Wiles gave the students insight into why American hardwoods are an environmentally responsible material choice for designers. The American forest has seen sustainably managed for generations and grows faster than it is being harvested. So efficient is the harvesting and processing in the US, that even when shipped from the US to any port in Southeast Asia, it arrives carbon negative. 

“We are heartened that so many different groups of students visited Discovered Singapore. I cannot over-emphasise the importance of influencing the next generation of designers. American hardwood continues to be a carbon store throughout the lifespan of the product for which it is used – we aim to encourage those choosing a career in architecture and design to think long term about their work. Good design, created from sustainable hardwood should outlive us all. 
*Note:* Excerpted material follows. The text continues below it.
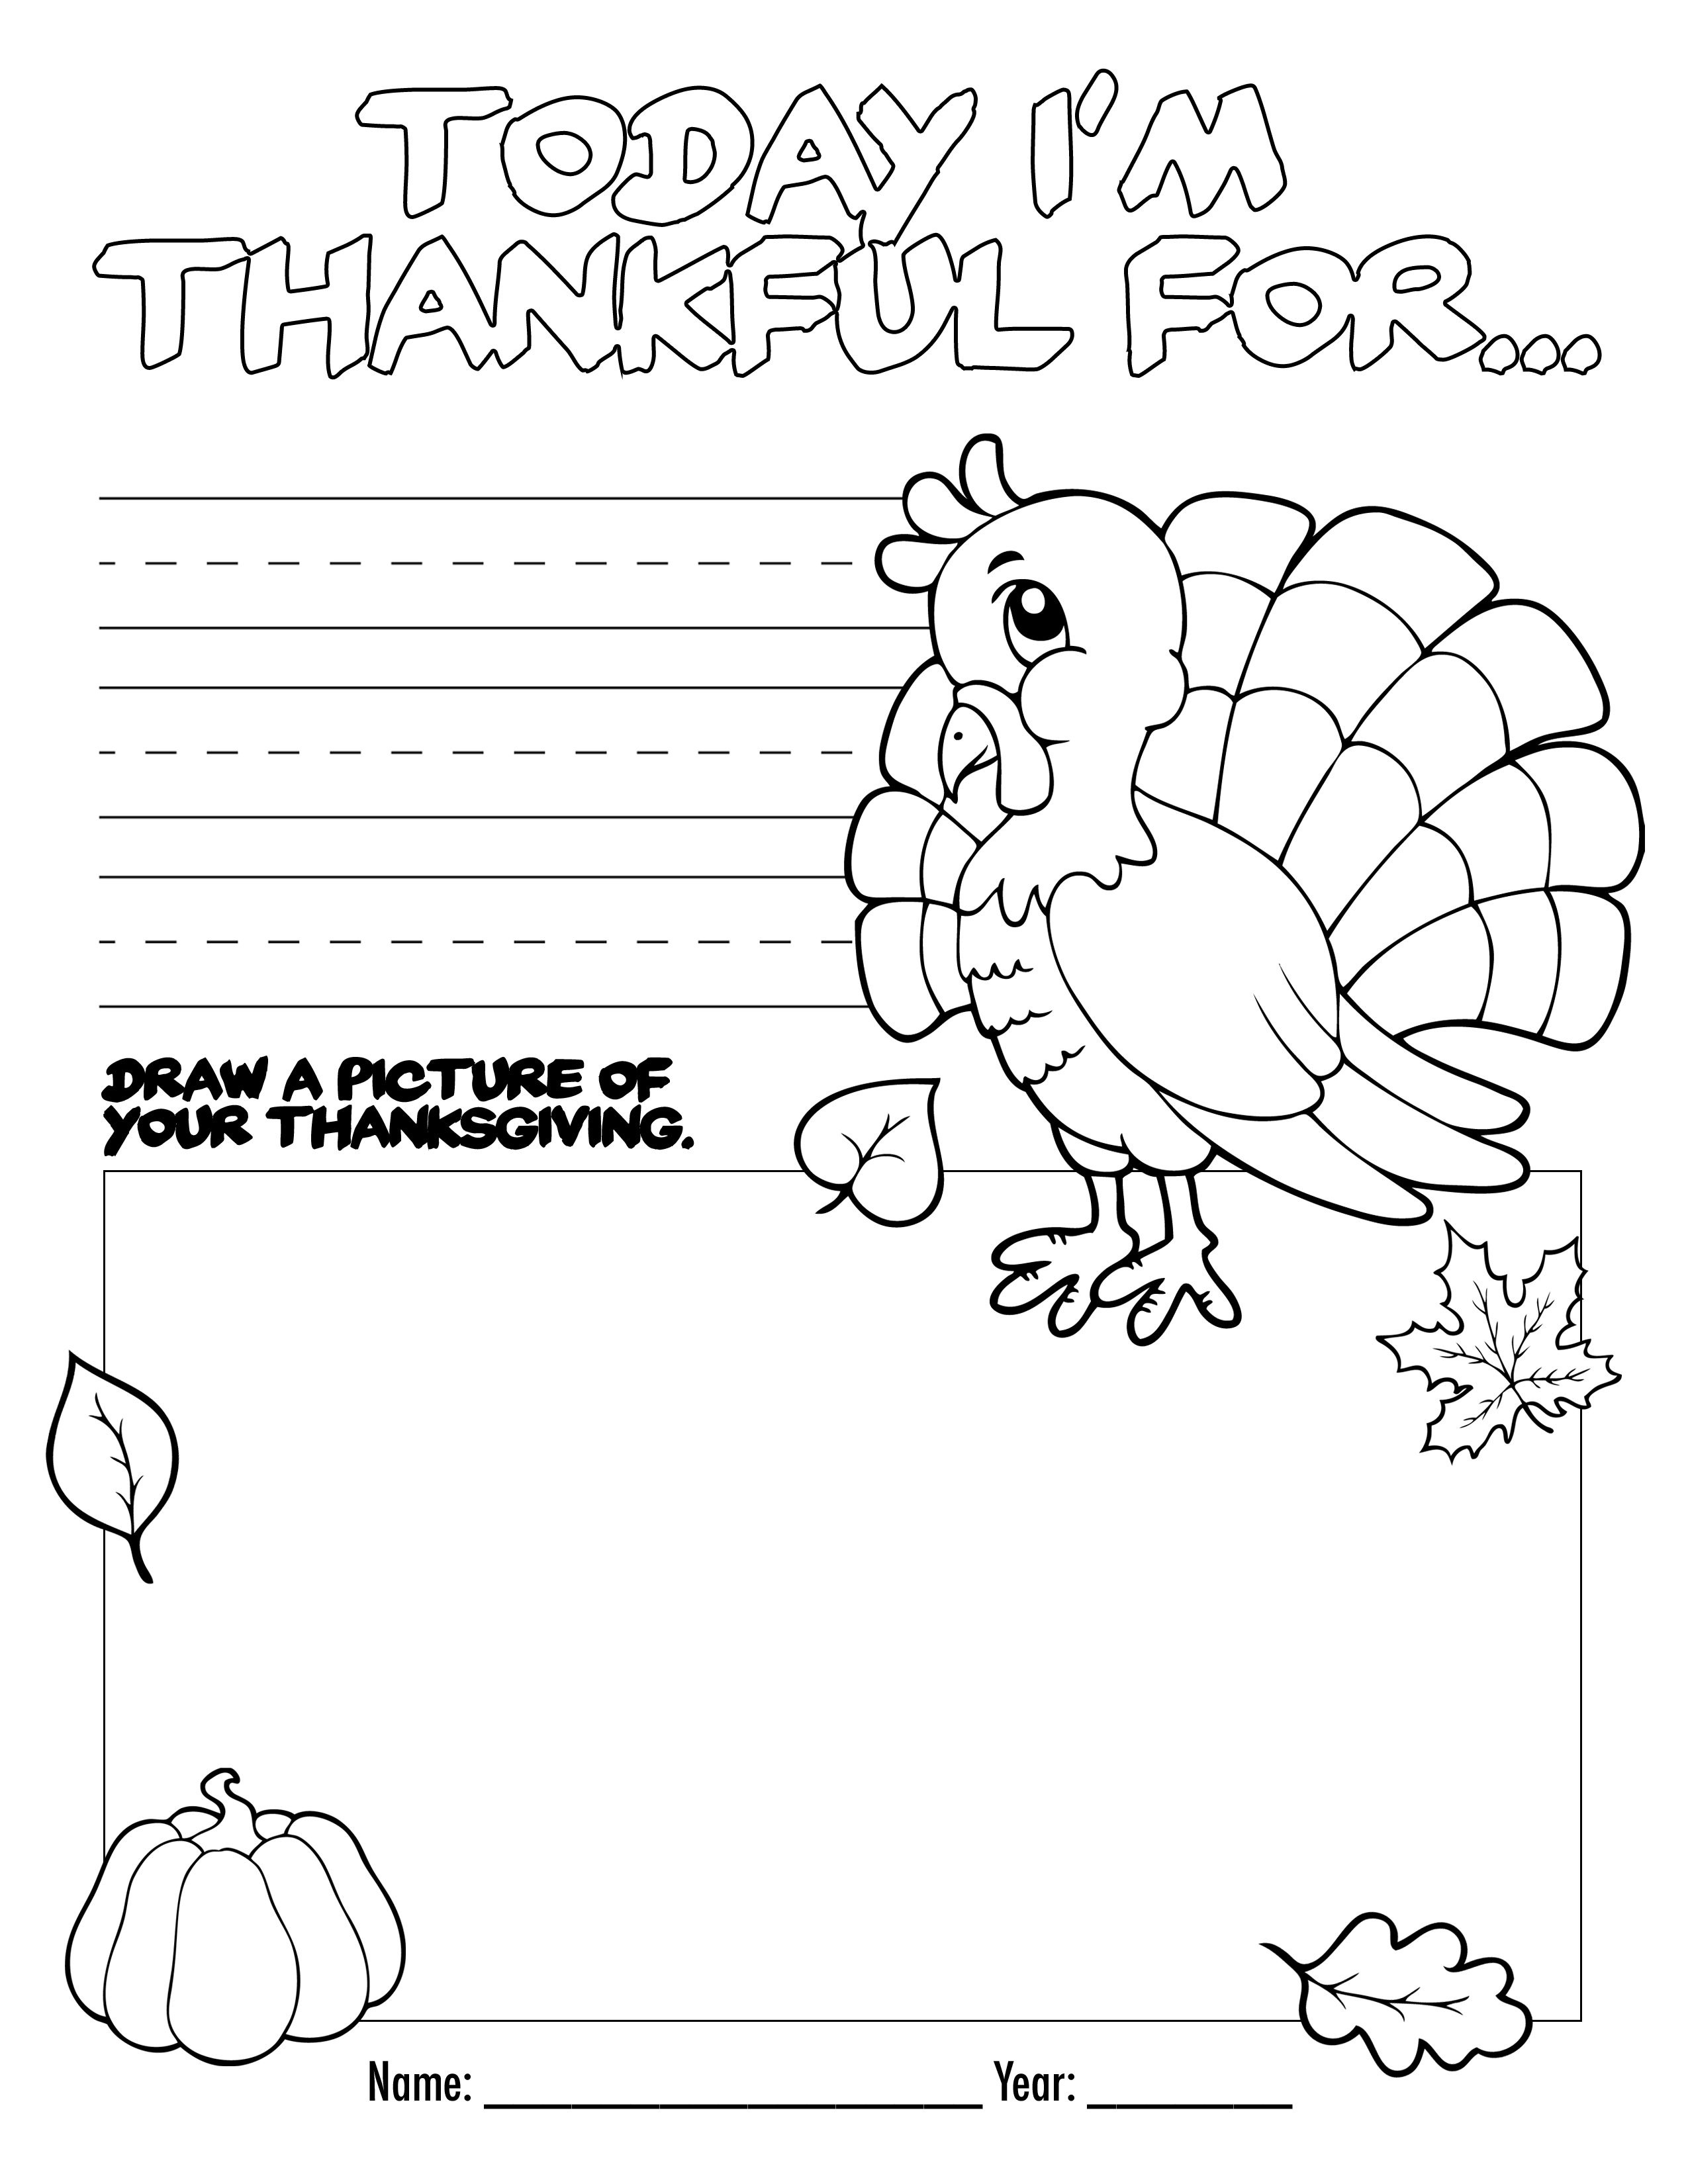 Thanksgiving Coloring Book Free Printable For The Kids! | Bloggers - Free Printable Thanksgiving Activities

– Rod Wiles, Regional Director MENA and Oceania, AHEC


Designs and designers


Nong Chotipatoomwan - Thought Bubble

Bangkok, Thailand

Wood: American red oak

A nostalgia for travel and social interaction guided Chotipatoomwan’s creative thinking through her project. Physical transitions were replaced with changing states of mind, and the physical realm merged with the psychological realm through domestic space. The designer looked at furniture created for relaxation, and landed on a rocking motion, which became the basis for her chair, offering a mix of relaxation and repetitive movement to enhance mindfulness. She used red oak for the chair because she was fascinated by its grain. ‘It’s quite expressive and I was interested in its porous nature.’ 


Kodai Iwamoto - Pari Pari

Tokyo, Japan

Wood: American red oak 


For his project, Iwamoto researched traditional Japanese techniques, such as uzukuri (giving texture to wood by scrubbing) and chouna (chiselling the surface with an adze), and then started experimenting directly on the wood, peeling its layers to create a new veneer. Working with red oak, he peeled it by cutting the panel’s edge and removing the surface by hand, resulting in a jagged effect where the texture of the grain emerges. These imperfectly textured panels became the starting point for a design exploration that led him to a round table shape, using the subtle material as a base to create the effect of an ancient tree trunk.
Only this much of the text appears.